Pour en revenir aux préoccupations des supports connectés, il faut évidemment restreindre le plus possible le stockage d’informations confidentielles sur ces supports. Une bonne solution consiste à avoir d’autres réseaux non connectés à celui de l’entreprise. Je parle de réseaux locaux qui permettent aux utilisateurs nécessitant les mêmes ressources de travailler ensemble. Les limites de cette alternative sont par contre atteintes avec les attaques de type « air gap » ou par les actions de certains utilisateurs qui vont quand même faire transiter des données entre les réseaux par le biais de clefs USB par exemple. Ces utilisateurs le font généralement par commodité, la paresse étant l’un des pires ennemis de la sécurité…
Au niveau du réseau, il faut se munir de capacités de DPI. Il faut avoir un maximum de visibilité sur le réseau et ne pas se contenter de déployer quelques sondes de détection. Il faut que des analystes en menaces confirmés monitorent le réseau tous les jours, tout comme il faut des analystes qui examinent toutes les détections de comportements anormaux sur les machines des utilisateurs et les serveurs.

Trop bavards

 

La confidentialité des informations critiques peut-elle être compatible avec le « besoin » d’être toujours connecté et de disposer de ces informations ?
La balance entre le confort de l’utilisateur et la gestion des données sensibles n’est pas facile à équilibrer. Un travail collaboratif peut pourtant se faire sans être connecté à un réseau d’entreprise, mais plutôt à un réseau local. Cela n’est cependant pas possible dans tous les cas, notamment lorsque des employés répartis partout dans le monde ont besoin d’accéder à la donnée.
Chaque information reliée d’une quelconque façon que ce soit à Internet pourra potentiellement être dérobée.
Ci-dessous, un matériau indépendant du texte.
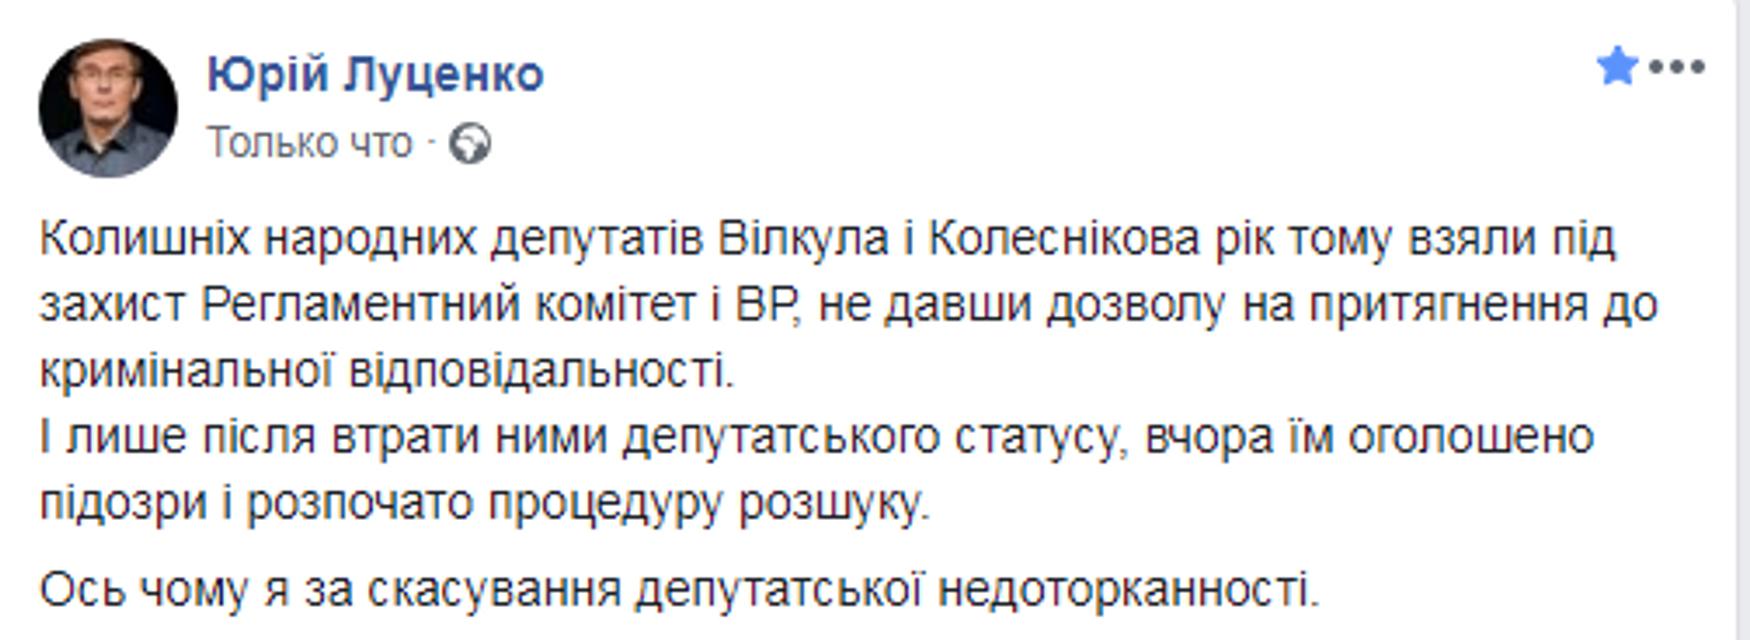 Ручных депутатов Ахметова объявили в розыск - фото 187236
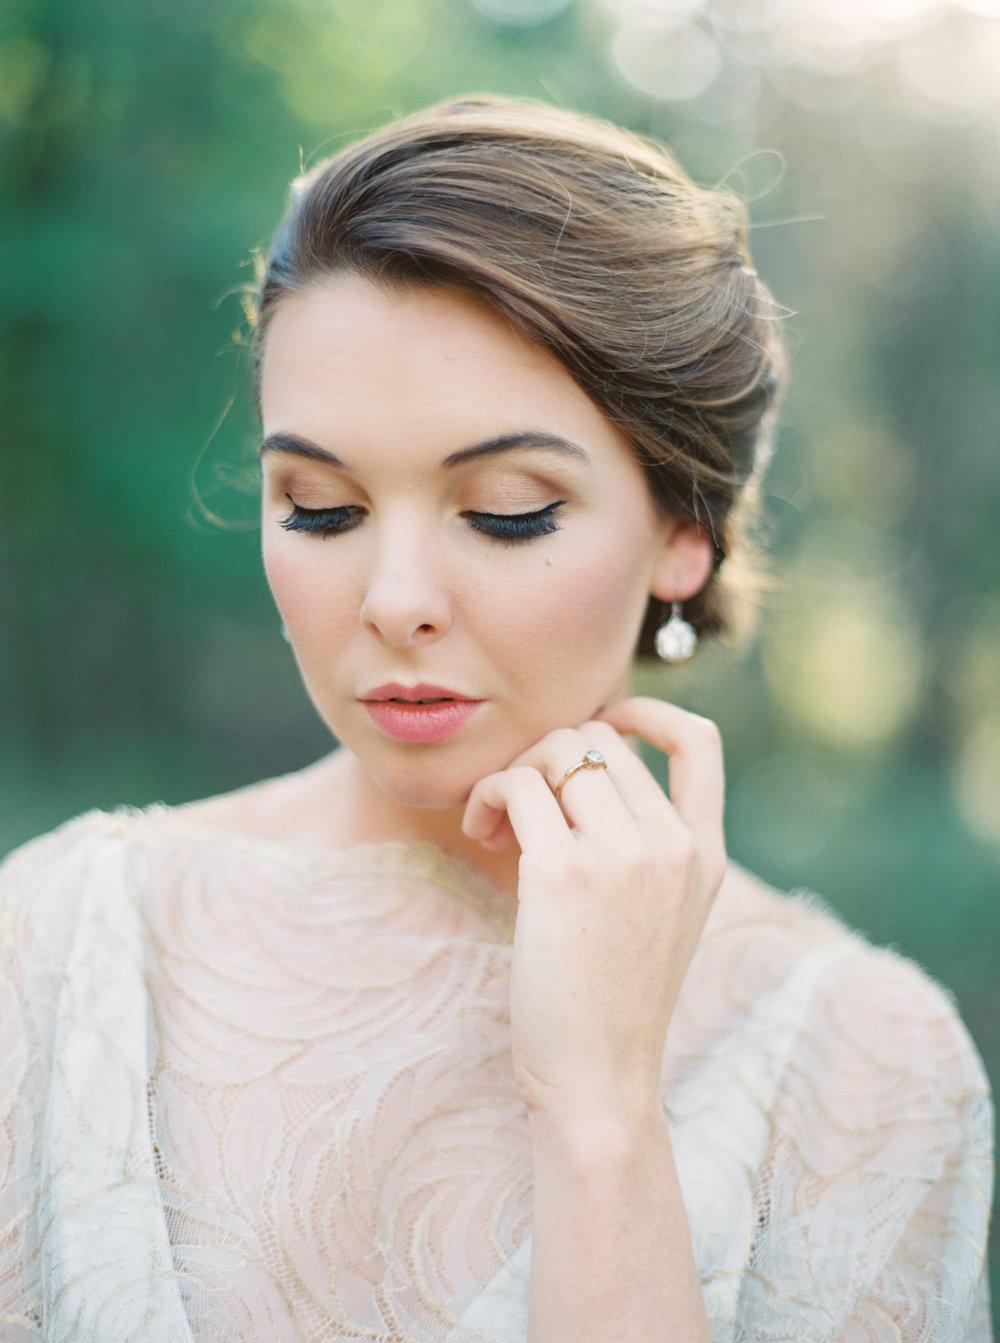 Flourish Bridal Session for Utterly Engaged |   Sawyer Baird

Finalement, le risque humain n’est-il pas le principal paramètre à identifier et à cibler dans une campagne de cyberespionnage ?
Effectivement, l’humain reste le paramètre le plus vulnérable dans cette chaîne de compromission. La curiosité, l’ennui, l’appât du gain, la méconnaissance de l’outil informatique… Autant d’éléments qui rendent la vie plus facile à ces attaquants. D’autant plus dans un monde aussi connecté et dans lequel les employés n’ont jamais été aussi visibles. Je vous mets au défi de trouver une entreprise de taille moyenne dont on ne puisse pas trouver des employés sur les réseaux sociaux…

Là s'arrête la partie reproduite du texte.